Editorial Commentaries

Death Receptor Induced Apoptosis

A New Mechanism of Homocysteine-Mediated Endothelial Cell Cytotoxicity

Carsten Skurk; Kenneth Walsh

From the Molecular Cardiology/Whitaker Cardiovascular Research Institute, Boston University School of Medicine, 715 Albany Street, Boston, Mass.

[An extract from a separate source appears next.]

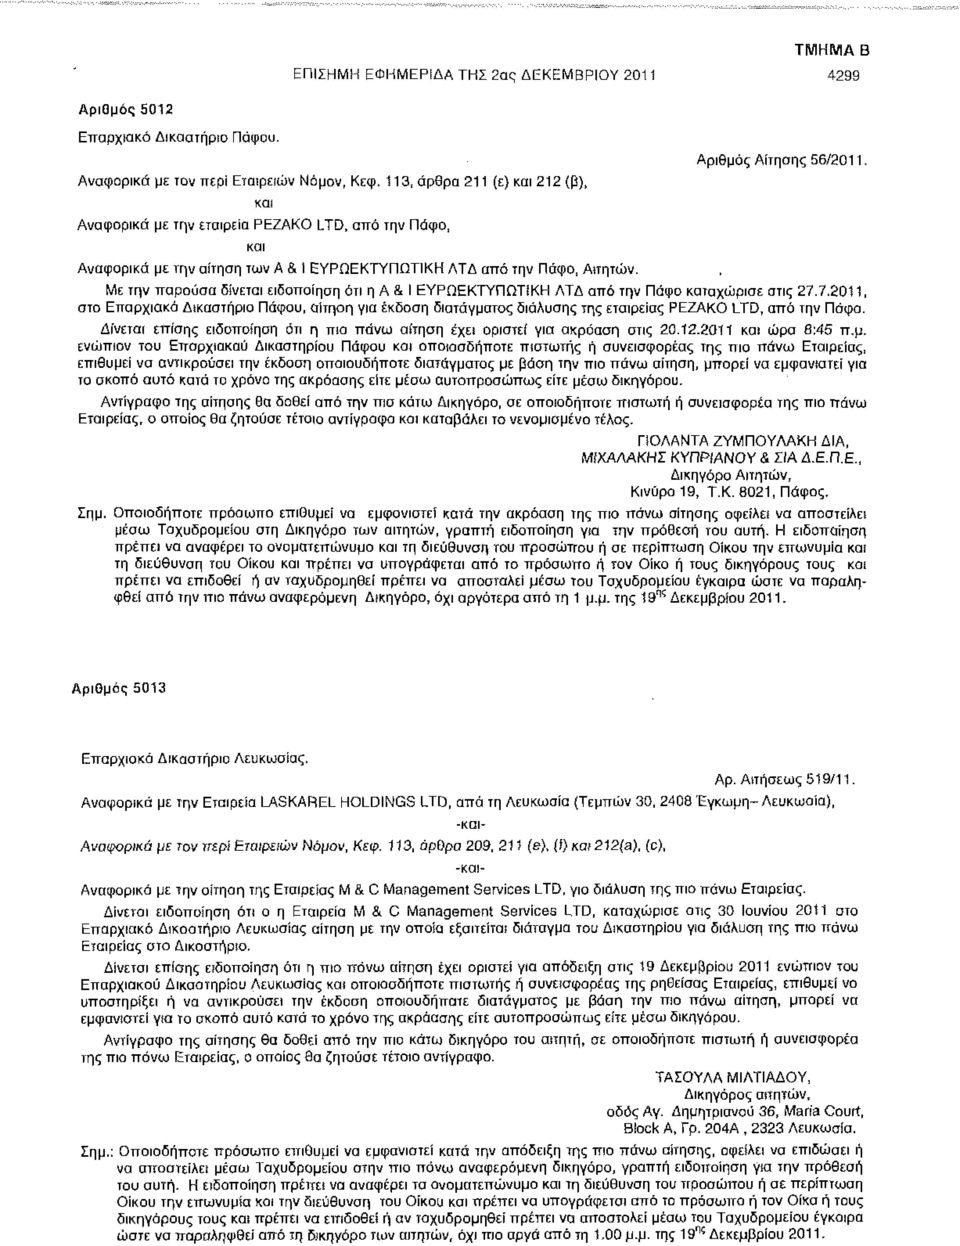 Αριθμός Αίτησης 56/2011 - Με την παρούσα δίνεται ειδοποίηση ότι η Α & Ι ΕΥΡΩΕΚΤΥΠΩΤΙΚΗ ΛΤΔ από την Πάφο καταχώρισε στις 27.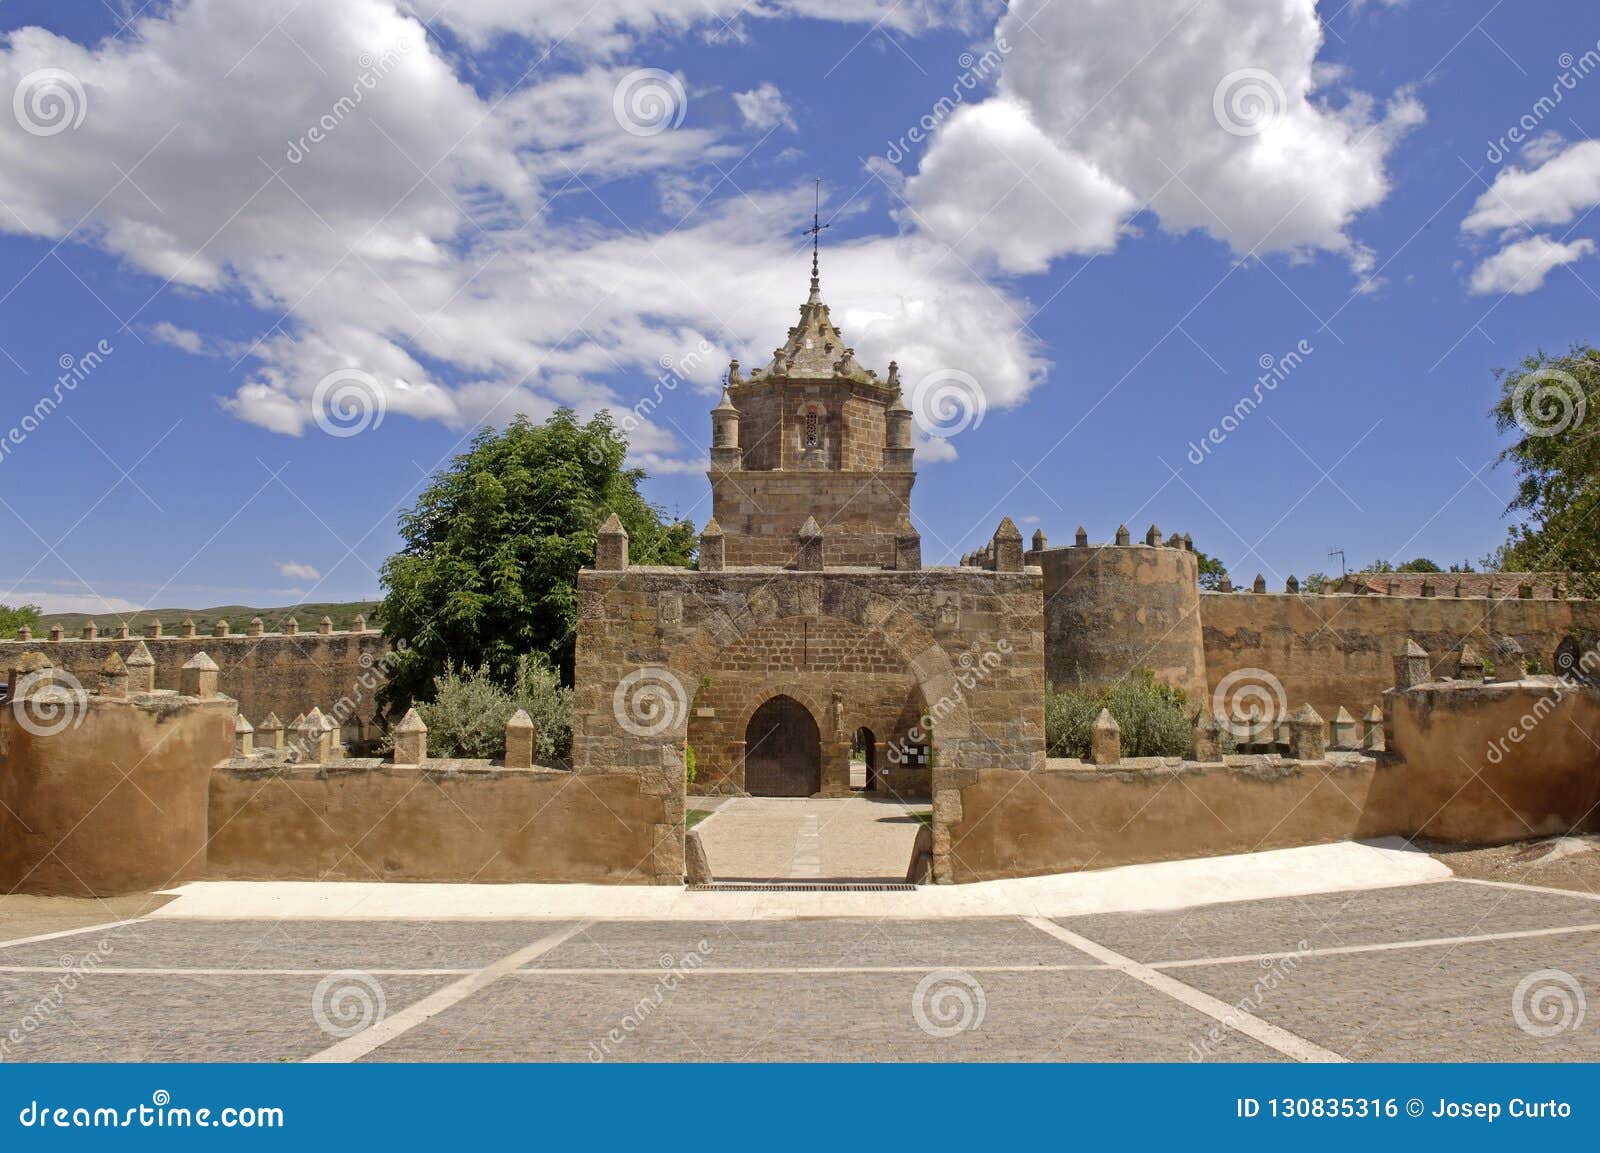 Real Monasterio De Santa Maria De Veruela Cistercense Siglo Xii

Correspondence to Kenneth Walsh, PhD, Molecular Cardiology/Whitaker Cardiovascular Institute Boston University School of Medicine 715 Albany Street, W611 Boston, MA 02118.E-mail kxwalsh{at}bu.edu

The hypothesis that homocysteine (Hcy) is atherogenic was proposed more than 30 years ago.1 People with inherited disorders of Hcy and methionine metabolism due to rare mutations such as in the cystathionine ß-synthase gene present with a severe form of hyperhomocysteinemia that is characterized by premature atherosclerosis and thrombotic disease. A common variant in the metylenetetrahydrofolate reductase gene, 677C to T, is associated with decreased enzyme activity leading to mild hyperhomocysteinemia in humans.2 This mutation is present in the homozygous state in 10% to 15% of North American and European populations.2 Epidemiological studies in the general population have indicated a positive correlation between an elevation of total plasma Hcy and stroke, myocardial infarction, peripheral vascular disease, and venous thromboembolism.3 Whereas a significant association between Hcy levels and clinical cardiovascular events has not been observed in all prospective studies, hyperhomocysteinemia is now considered by many to be an independent risk factor for atherosclerotic vascular disease. Furthermore, the belief that hyperhomocysteinemia may be not only a marker but also a cause for atherosclerosis and thrombosis has intensified research in this area.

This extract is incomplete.